Many people have written to ask for concrete examples of how the Canadian DMCA would impact everyday activities. In response, today I'm going to start a five part series of a typical Canadian family's potential encounter with the law. The fictional family consist of:
Jim and Josee live in a Calgary suburb together with their three children Stephen (age 16), Rona (age 10), and Diane (age 4). Jim is the chief librarian at the National Energy Library, while Josee teaches media and communications at a local high school.
This post focuses on Jim. Soon after he arrives into the office on Monday morning, he is contacted by a researcher located in the field who asks him to track down an article and to email an electronic copy as soon as possible. Jim finds the article, scans and sends it via email. After work, he drops into the local HMV and purchases a DVD copy of the movie Juno.

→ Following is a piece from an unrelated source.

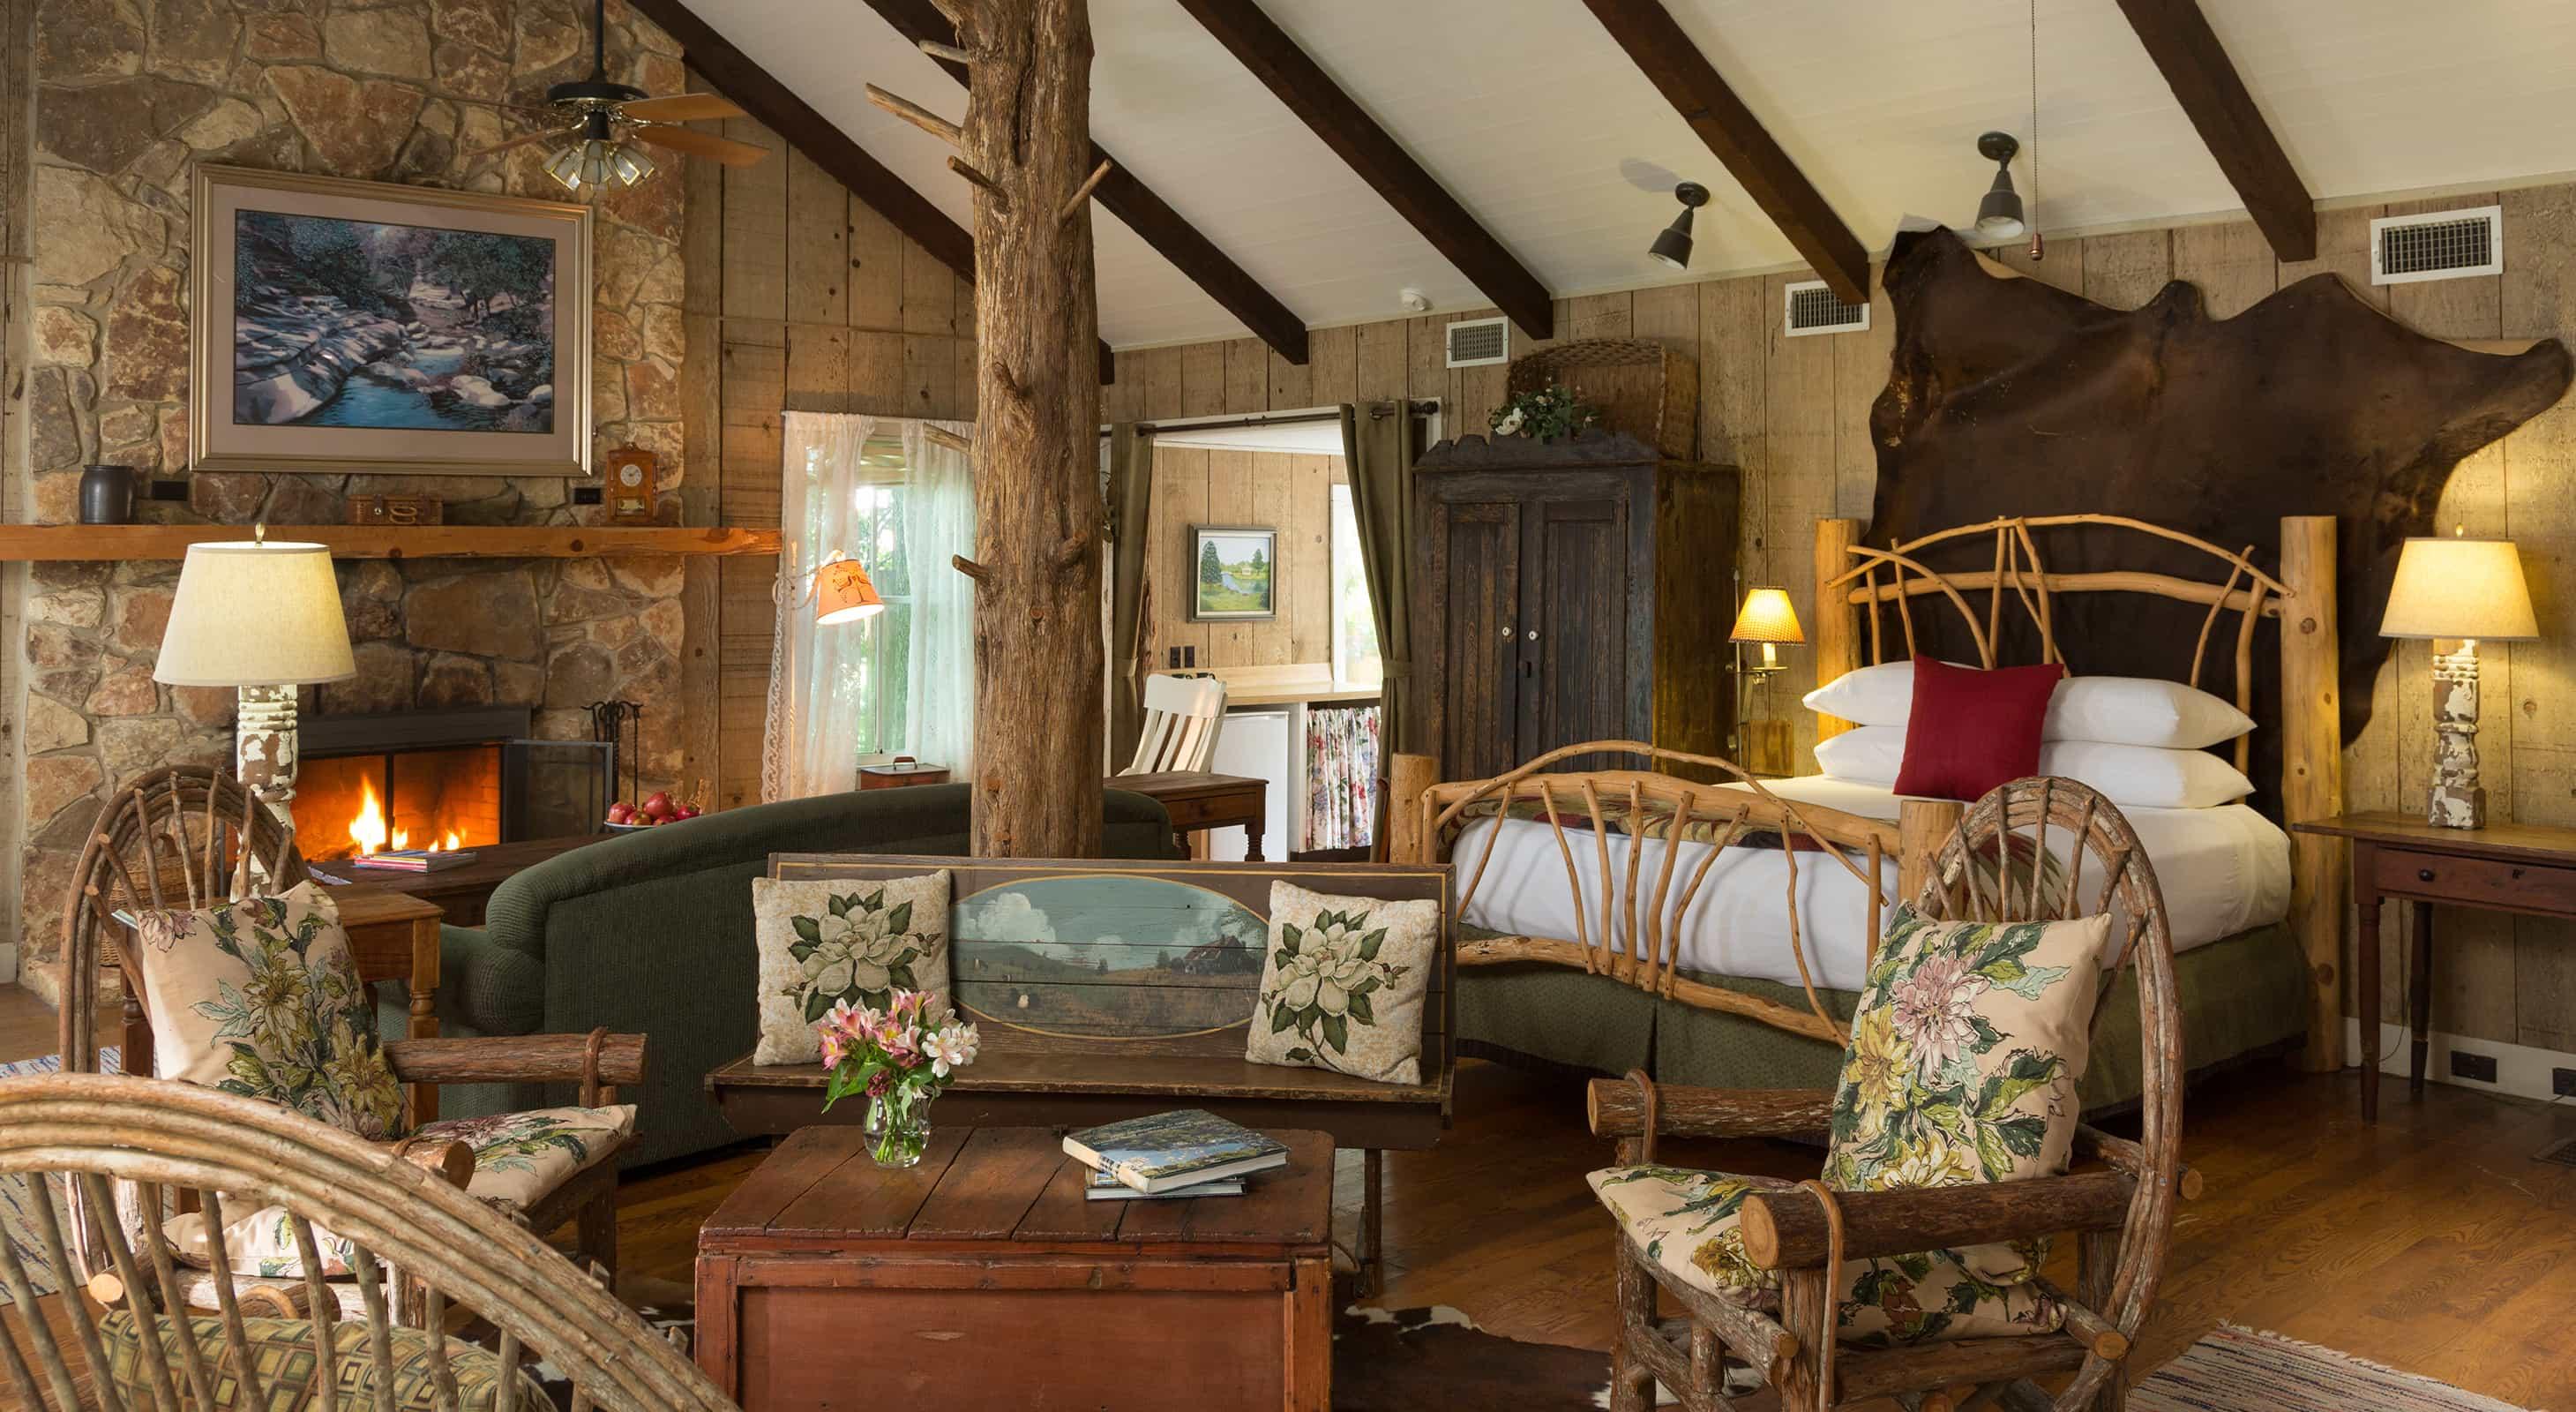 Magnolia Suite: Brenham lodging in Texas

At home, he transfers a copy of the movie to his video iPod for viewing on an upcoming business trip.
If the Canadian DMCA becomes law, all of Jim's copying activities arguably violate the law.
Jim’s act of scanning and distribution of the article should qualify as fair dealing. Apparently the government thinks it does not, however, since Bill C-61 contains a specific provision to allow librarians to digitize a paper copy on behalf of a patron. That provision only works if they take steps to ensure that the recipient does not transfer the digital copy to anyone else and only uses it for five days. Since those technical restrictions were not imposed on the researcher, this would not qualify (Section 30.2(5.01)). The ripping of the Juno DVD to the video iPod clearly violates the law. Prentice's format shifting provisions are limited to videocassettes – DVDs are off-limits (Section 29.21). Moreover, ripping the DVD likely required circumventing anti-copying technologies, which under Bill C-61, would violate the law.